Chapter 8, Problem 72QAP

On complete combustion at constant pressure, a 1.00-L sample of a gaseous mixture at 0°C and 1.00 atm (STP) evolves 75.65 kJ of heat. If the gas is a mixture of ethane (C₂H₆) and propane (C₃H₈), what is the mole fraction of ethane in the mixture?

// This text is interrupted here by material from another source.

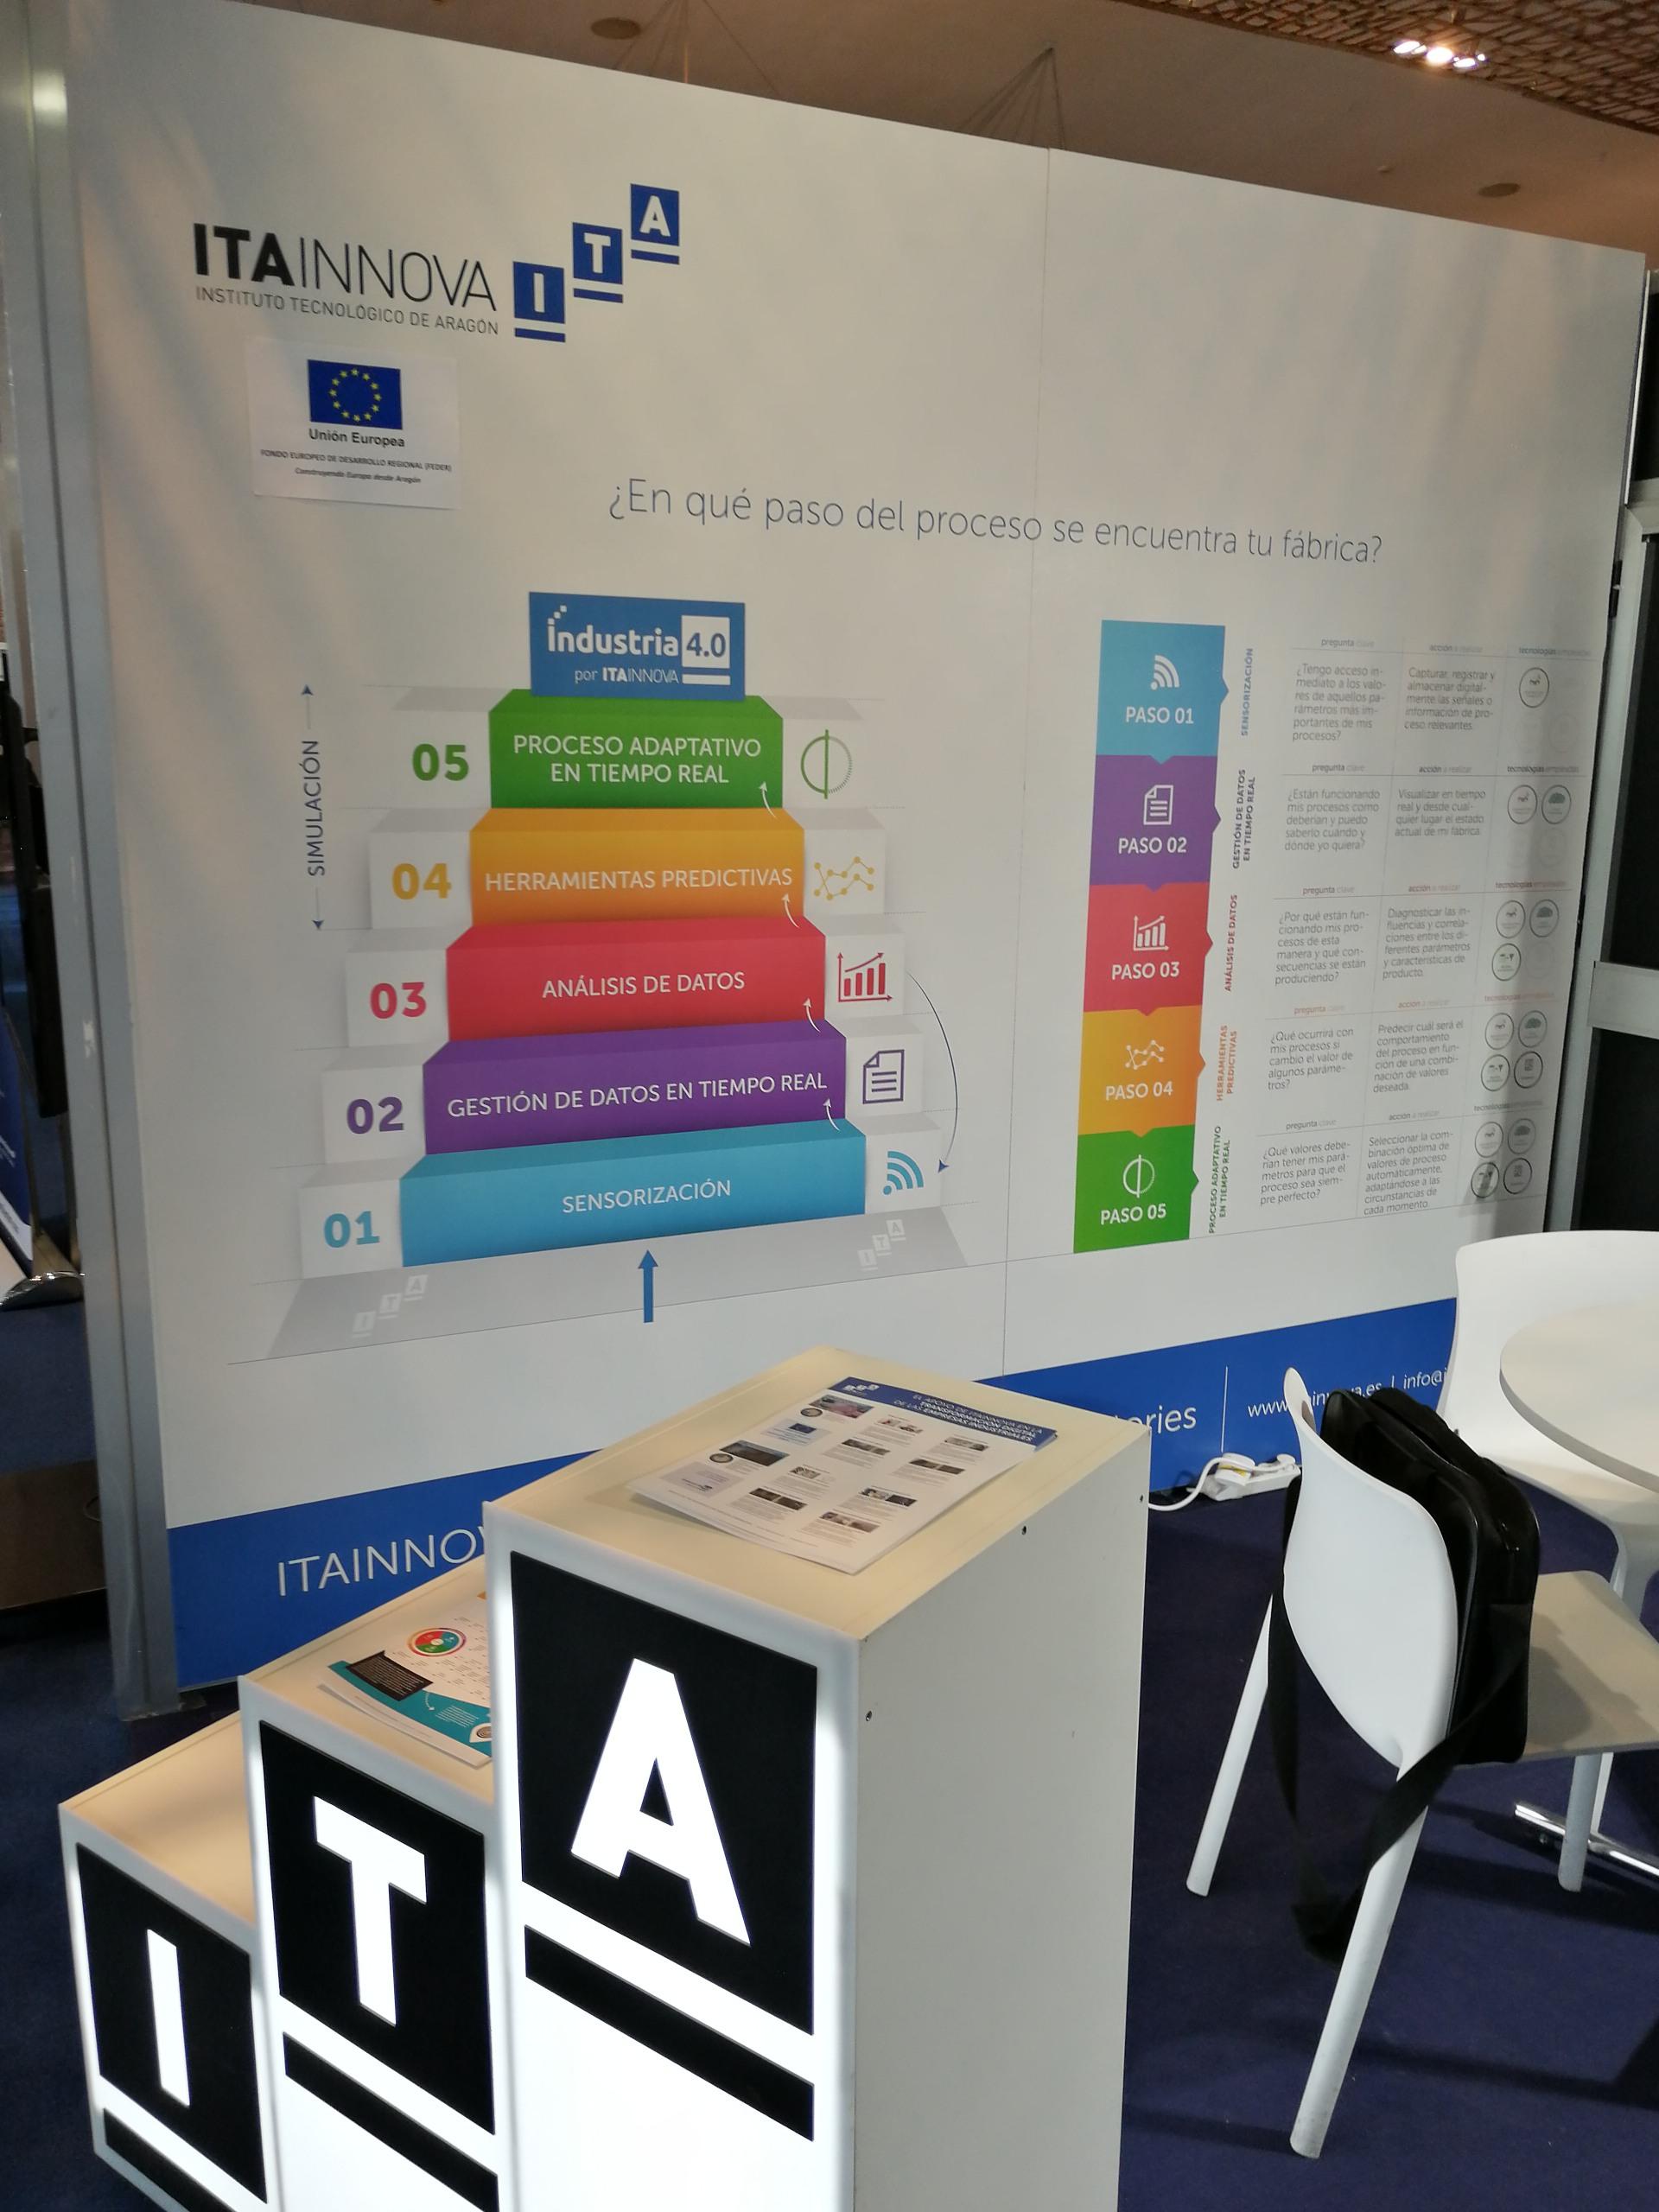 ITAINNOVA lleva a Advanced Factories ejemplos de sus últimos proyectos en industria 4.0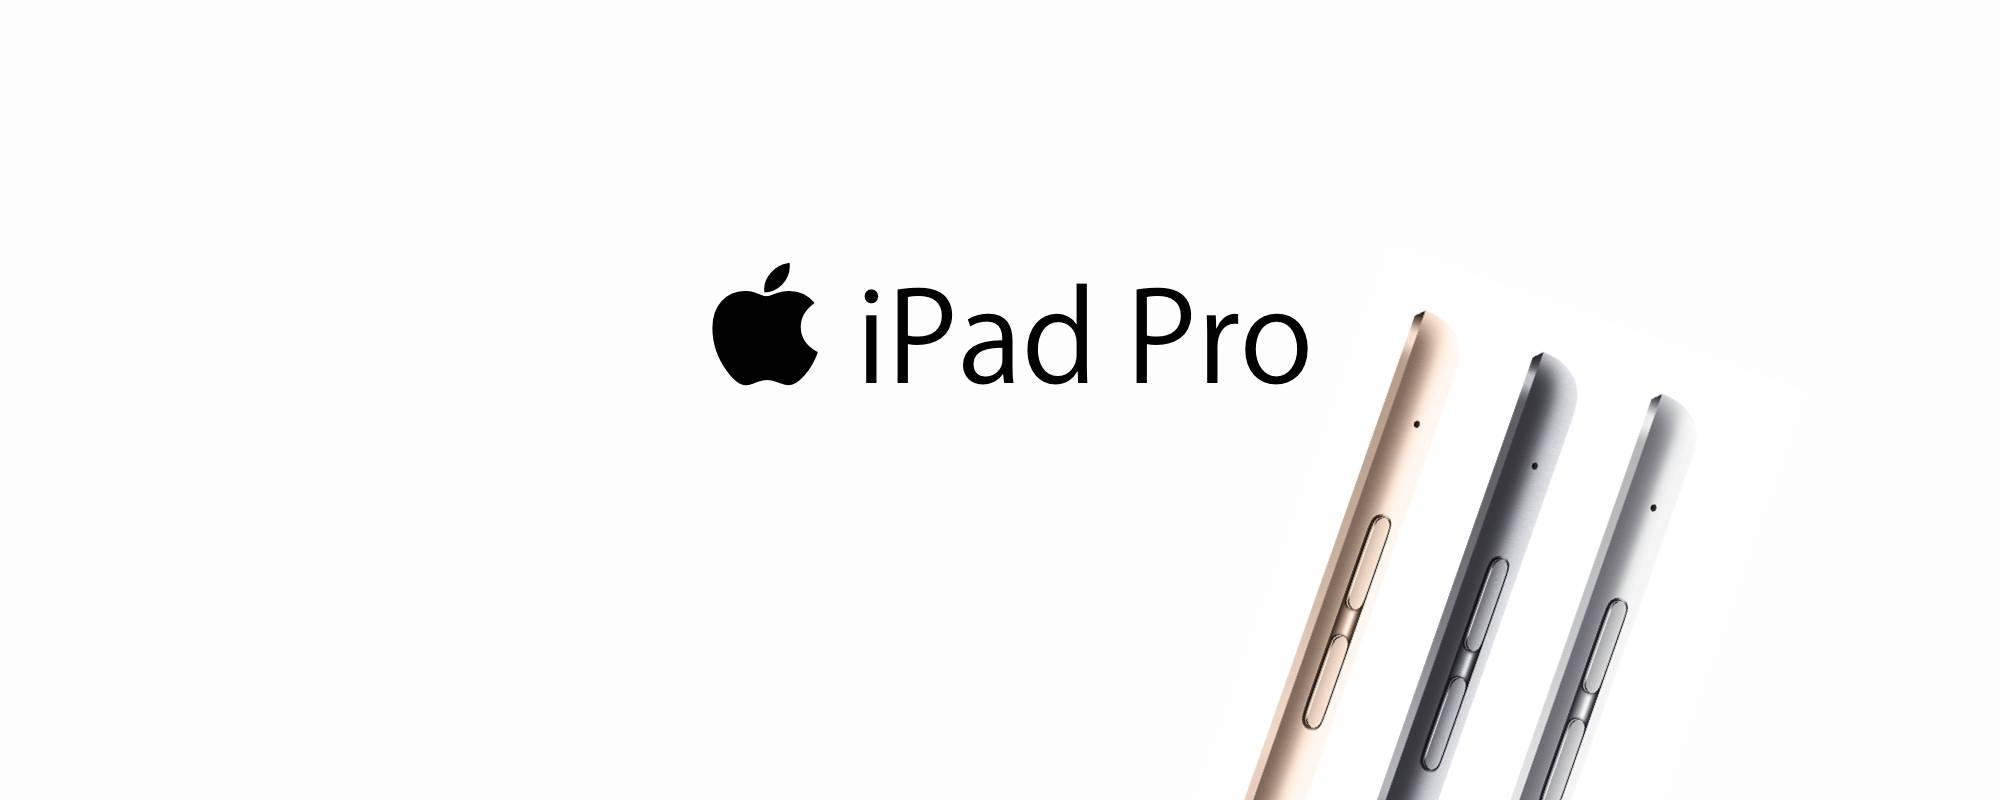 iPad Pro может стать более толстым в 2017 году

Interpretation Introduction

Interpretation:

The mole fraction of ethane in a mixture of ethane and propane gas needs to be calculated under the given conditions.

Concept Introduction:

• A thermochemical equation is a balanced stoichiometric equation which depicts the change in the reaction enthalpy i.e. the magnitude and sign of ΔH is added to the right of the equation.
• The standard enthalpy change for a reaction ${\text{ΔH}}^{\text{0}}$ is given in terms of the difference in the standard enthalpy of formation of the products and that of reactants.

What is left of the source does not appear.